‘Human Decisions and Machine Predictions’- a close look at this study into the use of AI in the place of judges.
Jon Kleinborg and his co-authors’ study, titled ‘Human Decisions and Machine Predictions’, looks in depth at the idea that AI is a more reliable option than human judges, and especially when deciding on ‘jail-or-release’ dates. Kleinborg and his colleagues’ basic argument is that algorithms are a more accurate way of predicting the likelihood of futurecrimes (ex-) convicts might commit than human judges are. This ‘better’ artificial intelligence would then prevent people from reoffending, and so leads to a win-win situation and better societal outcomes, according to the study.
Recently, in the US, parole boards have started using machine-learning-based tools (AI) much more frequently to make decisions regarding prisoners’ futures and potential parole.. This seems to have particularly gained clout in Pennsylvania, and indeed Richard Berk has even done a study into the use of machine forecasting in this state, in which he concludes that there is no risk to public safety caused by using this method of decision making when it comes to parole time lines.
This is all very well, and I’m sure true, but from a personal point of view, I cannot help but wonder how I’d feel if a machine condemned me to another 10 years in prison. Ultimately though I suppose, and as Kleinborg’s study argues, it would be harder in my hypothetical situation to claim that the machine had acted in a biased way. An extension of this thought process is the highly notable fact that factors such as racial or gender bias will in theory become eliminated through the use of AI in court decisions.

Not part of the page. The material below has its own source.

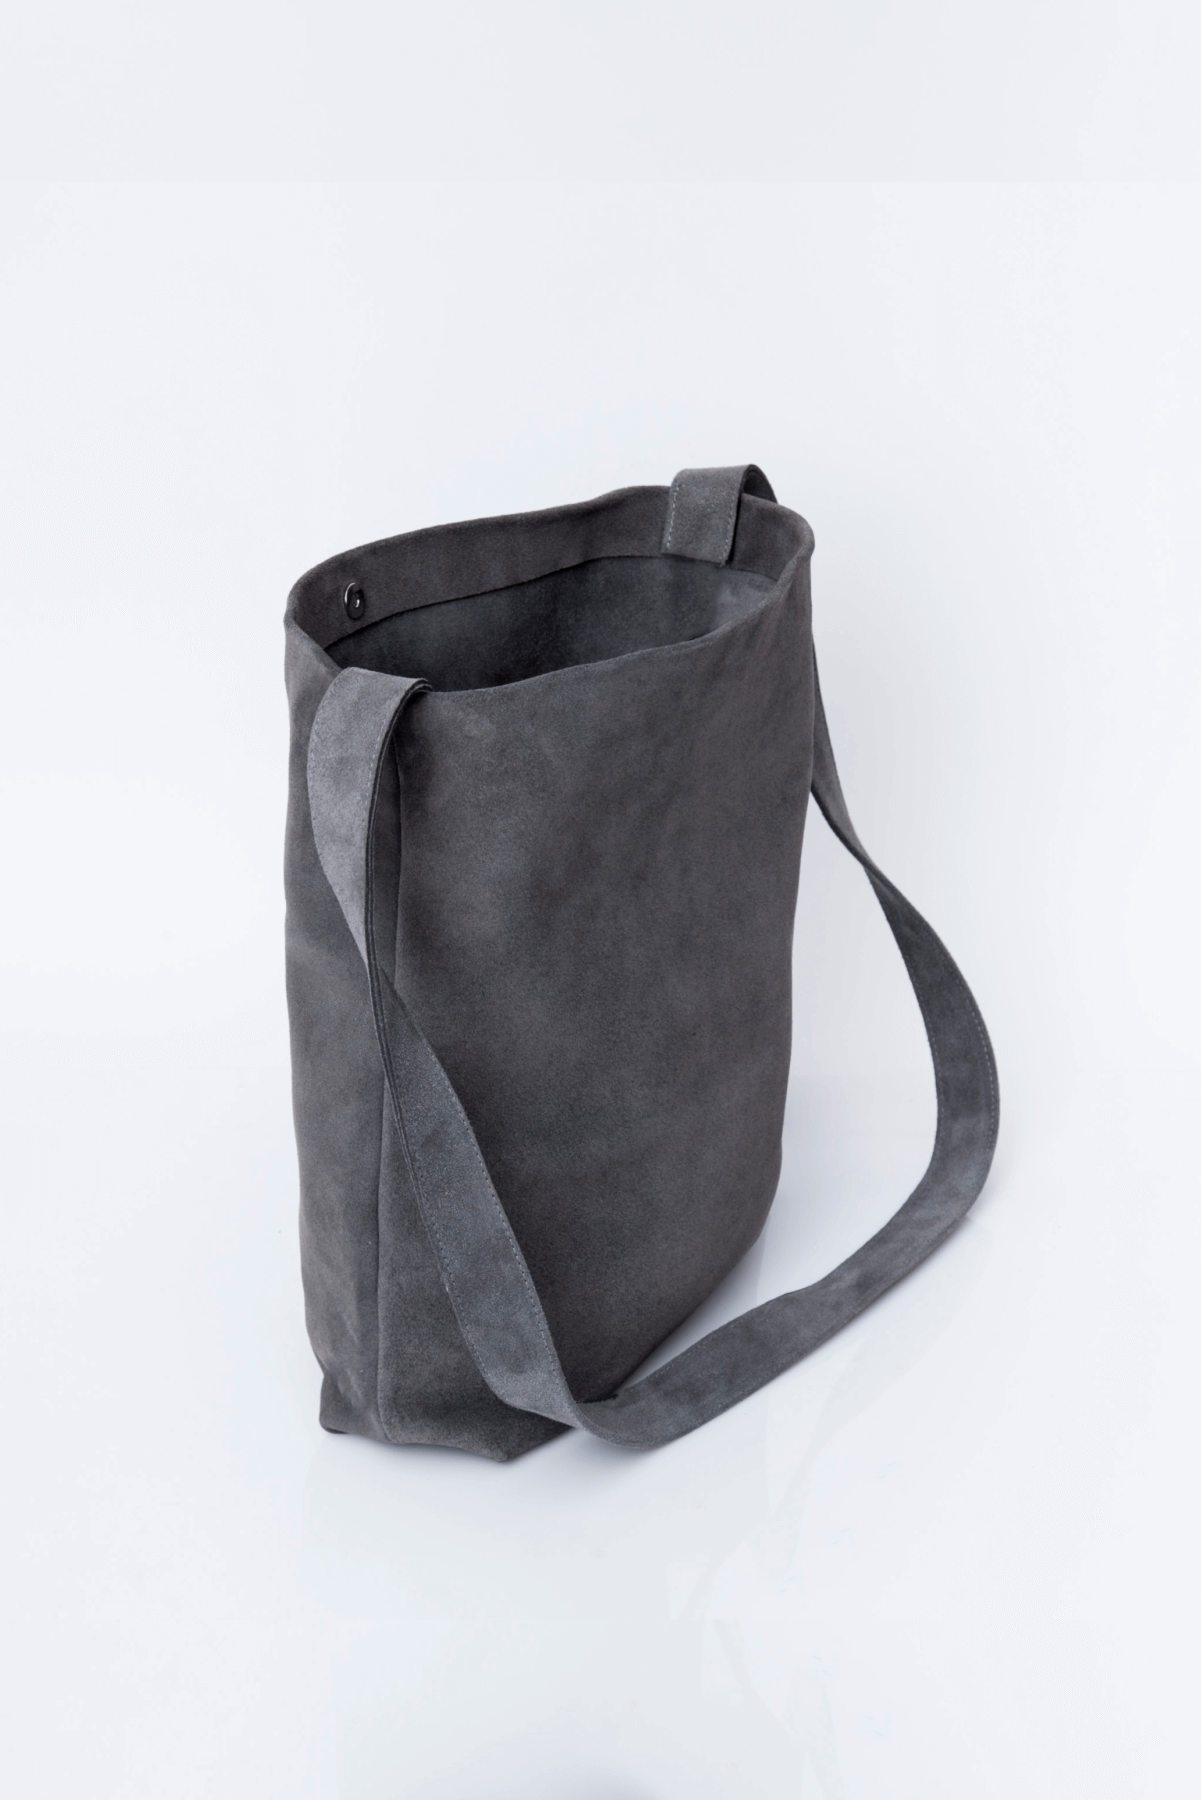 Mink Suede Tote Bag Soft Suede Bag Lightweight Everyday

Kleinborg’s study highlights on its opening page that every year in the US over 10 million people are arrested (a slightly outdated figure as this was published by the FBI in 2016). All of these 10 million people then have very important decisions made about their future by a human- just like you or me. The pressure on the judges making decisions such as where the detained person has to await trial (at home or in jail), where they are eventually tried and so on, is huge. One wrong prediction about the offender’s capacity to reoffend could change the course of that individual’s future for, well, ever. Due to this then, the option of a non-biased decision maker is of course highly preferable, probably both for the judges involved and the accused offenders.
Another interesting point raised in the study is what happens when judges, when making these life-changing decisions, decide that prisoners with families or jobs waiting for them are more deserving of bail than those who don’t. This of course leads to more potentially biased and unfair decisions particularly if, for example, the judge making the decision also has his/her own children and has sympathy for the difficulty of locking up a parent, sometimes regardless of other ‘red flags’.
Ultimately, Kleinborg’s study concludes that predictive tools could prove incredibly effective for the future of decision-making, particularly with regards to prisoners. Kleinborg and his colleagues are not alone in this belief, and a recent article in Lexology looking at the replacement of judges with AI in the Ukraine supports their findings. It would seem that as long as it remains well-regulated and transparent, AI being used in the place of judges could indeed be a force for good.
The final piece of the puzzle seems to me, on an entirely aesthetic level, is how a computer will look in the courtroom in the place of the traditional figure of the white-wigged judge. That will be something to get used to, too.